THW-Logo
12.07.2013 Mannschaft / Medien

"Handball-Magazin": Dule macht sein Ding

Am 17. Juni veröffentlichte der THW, dass Domagoj Duvnjak, Bundesliga-Spieler der Saison 2012/13, ab 2014 im Zebra-Trikot auflaufen wird (siehe Bericht). Aber wie tickt Duvnjak? Frank Heike stellte im "Handball-Magazin" 03/2013 den sympathischen Kroaten vor, als sein Wechsel zum THW noch nicht bekannt war:
Aus dem "Handball-Magazin" 03/2013, von Frank Heike:

Das "Handball-Magazin" im Internet.
Klicken Sie für weitere Infos! Das "Handball-Magazin" im Internet.
Der Kroate Domagoj Duvnjak spielt auf einem Level mit Stars wie Karabatic, Jicha und Hansen. Letzteren könnte der 24-Jährige bald täglich erleben - wenn er dem Pariser Werben erliegt und den HSV Hamburg verlässt.

Das Gespräch mit dem Reporter von "EHF TV" war eine echte Herausforderung. Nicht wegen der Kälte draußen an der Alster oder wegen der Fragen - die waren so zahm, wie es sich für den europäischen Handball-Haussender gehört. Aber der Dialekt des Kollegen aus Wien hat Domagoj Duvnjak vor hohe Hürden gestellt. "Am Ende habe ich ihn ein bisschen verstanden", sagt Duvnjak lachend. Bevor es auf Hochdeutsch weitergeht, holt er sich noch einen Kaffee in der Geschäftstelle des HSV Hamburg. Keinen modischen Latte Macchiato. Bohnenkaffee aus der Maschine tut es auch. Schwarz.

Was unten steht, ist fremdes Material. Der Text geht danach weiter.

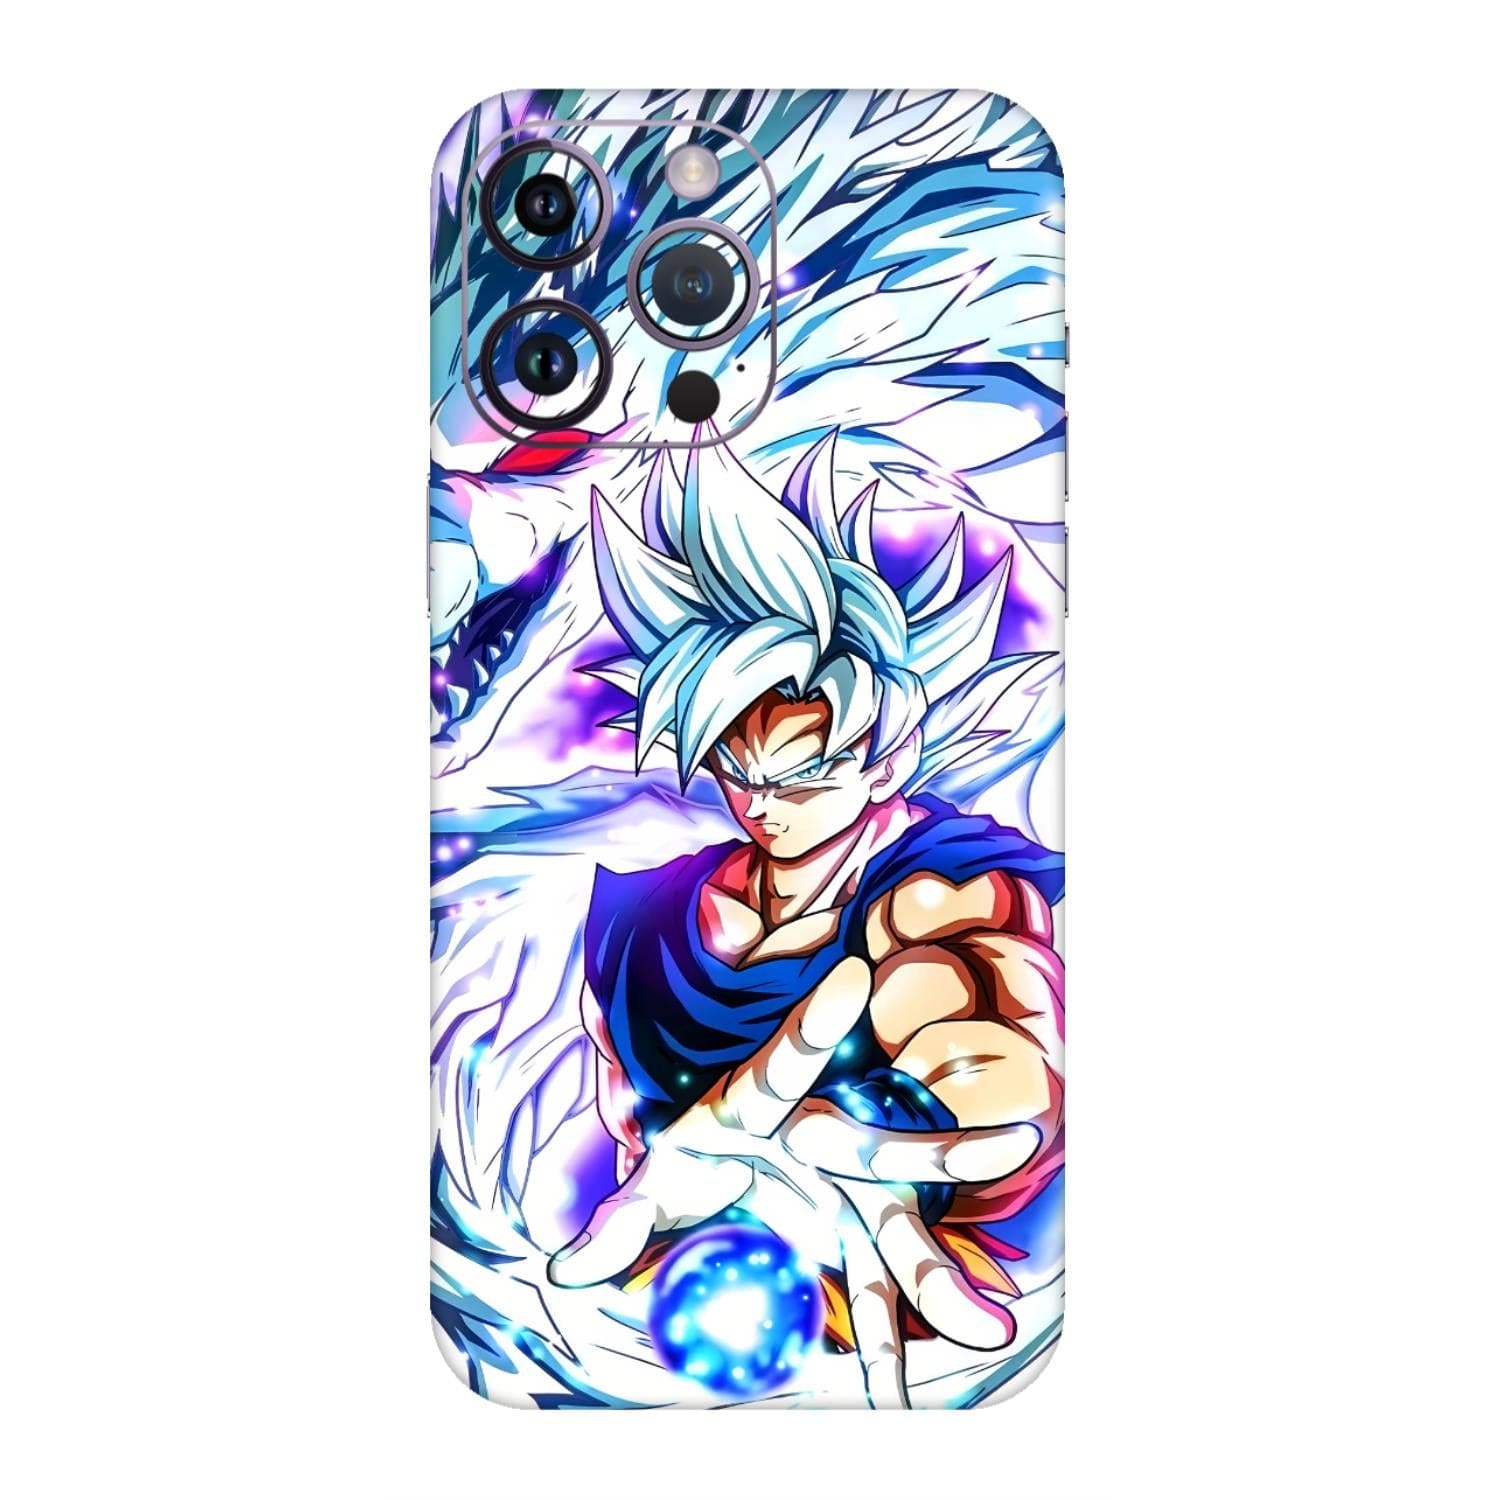 Supercharged Son Goku

Domagoj Duvnjak ist ein vielgefragter Mann in diesen Wochen. Das liegt zum einen an seiner Rolle in der kroatischen Nationalmannschaft - er spielte eine überragende Weltmeisterschaft in Spanien und erhielt das Prädikat des wertvollsten Akteurs im zentralen Rückraum. Zum anderen ranken sich Gerüchte um seine Zukunft. Wohin geht der beste Regisseur der Bundesliga? Paris, Veszprem? In Hamburg bleiben? Duvnjak ist ein fröhlicher und höflicher Zeitgenosse. Er sieht gar keinen Anlass, auf unangenehme Fragen genervt zu reagieren. Aber er bittet um Verständnis: "Ich weiß wirklich nicht, was passiert. Ich habe noch einen Vertrag bis 2014, ich fühle mich sehr wohl in Hamburg beim HSV. Aber es ist Profisport, da kann man schlecht etwas voraussagen." Man könne gern seine Berater anrufen, die Herren Jarek und Grachovac, sagt Duvnjak freundlich. Die Kroaten beraten ihn seit Jugendtagen. "Sie kümmern sich um alles, ich will nur Handball spielen", sagt er. Aber er muss doch eine eigene Meinung haben, als mündiger Spieler. Da lächelt Domagoj Duvnjak sein unschuldigstes Lächeln.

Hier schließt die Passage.